Labels: Project Runway
5 Comments:
Nurse Jackie is one of my favorite tv shows.
That's my way of not talking about this show which I have never understood.
every time i read your PR recaps i wish i watched the show.....but i have to agree with jp....jackie is the first show/character that is close to being a real nurse....but she wears uniforms/scrubs....hardly haute couture.
Dan said the same thing about Clinton's twin.
amazing how you two think alike. or weird.

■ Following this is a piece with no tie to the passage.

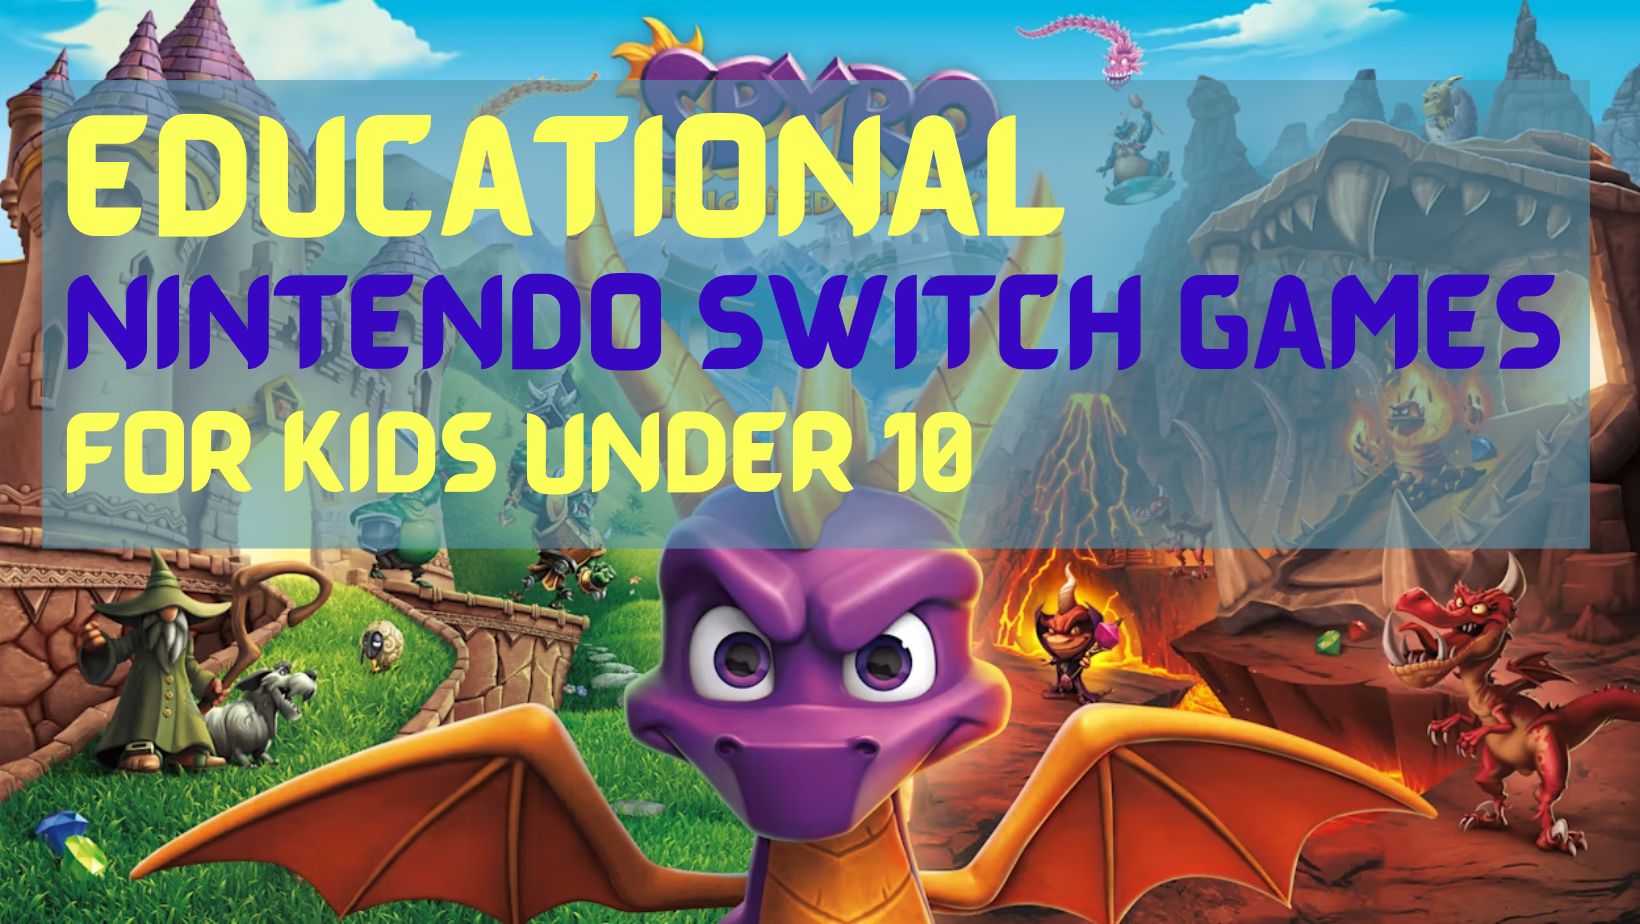 Gaming for Growth: Educational Nintendo Switch Games for Kids Under 10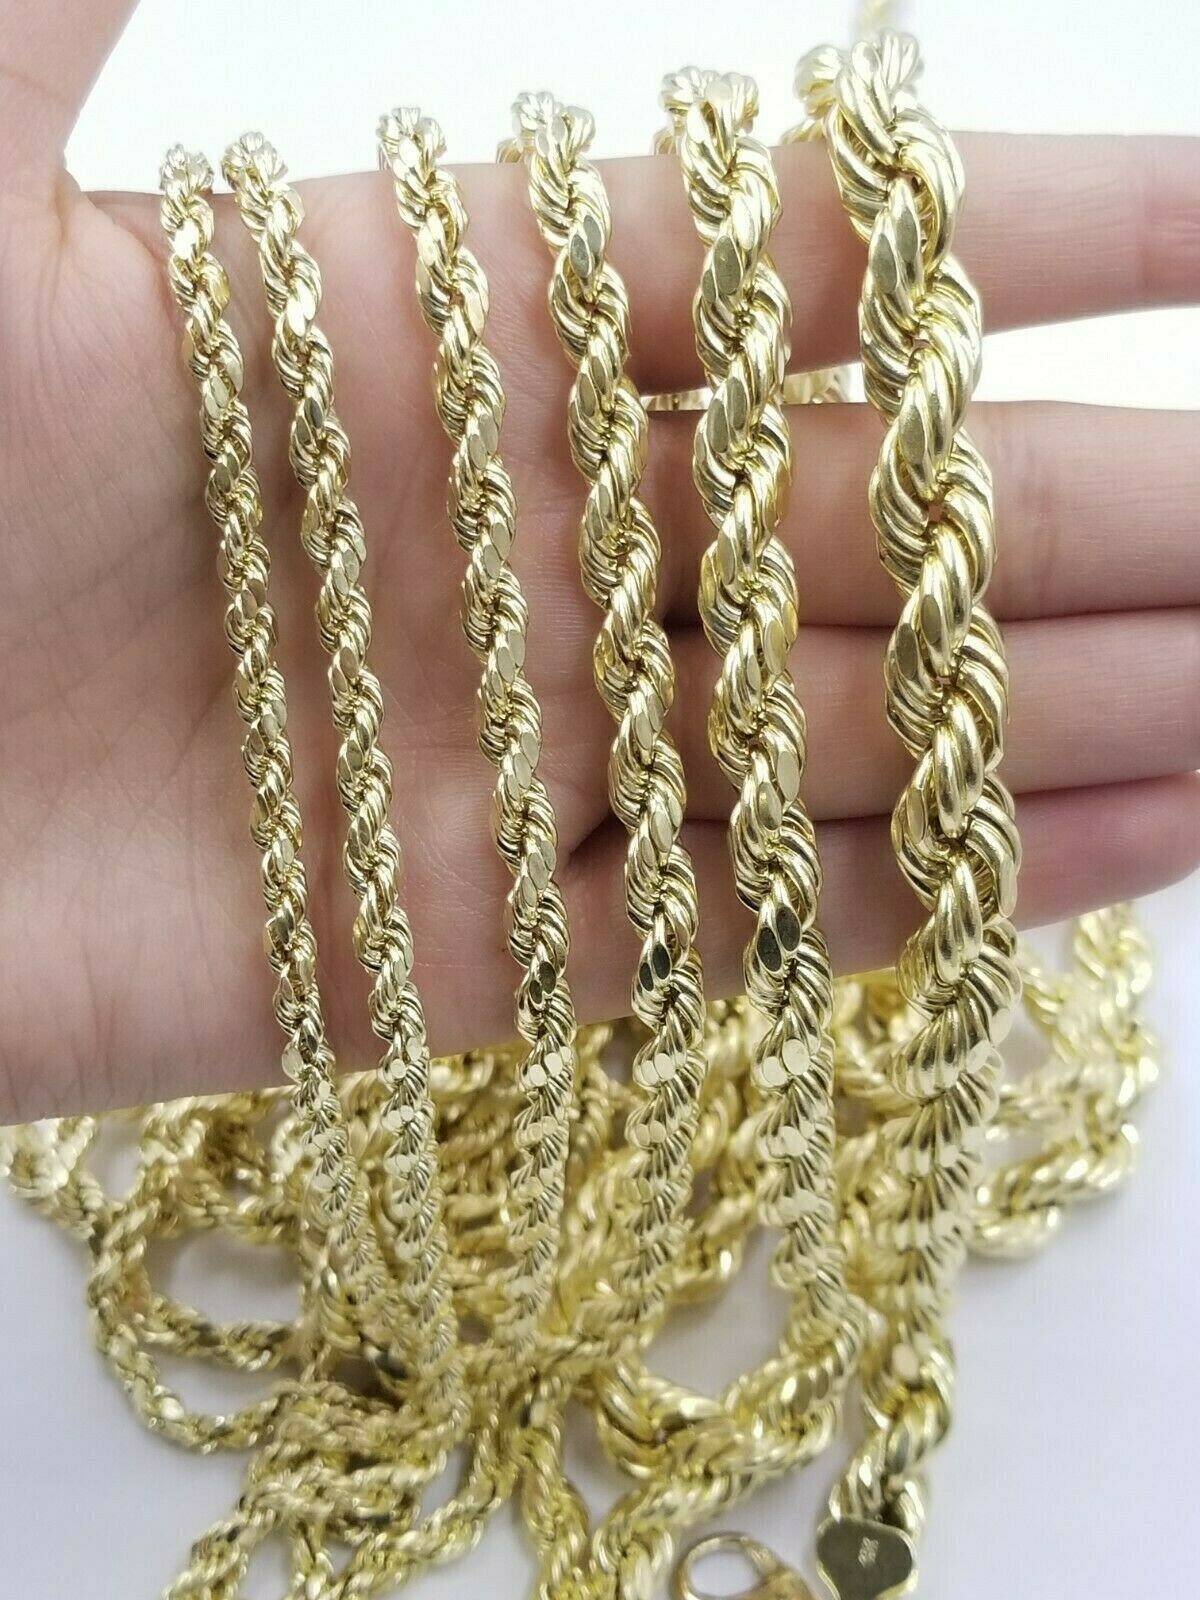 10k Yellow Gold Rope Chain Necklace Men Women 18

You think YOU procrastinated? Oi. I don't see how I can ever do PR and TC. I just don't.
But I am so with you on the judging. And it seems The Gunn does too, since already he's talking about the crack-smoking judges and how off they were in this (and the second) episode.
But Casanova. I have no clue what his deal is, but if he can bring the crazy and get such great Korsisms out of the Orange One, I say let him stay!
This comment has been removed by the author.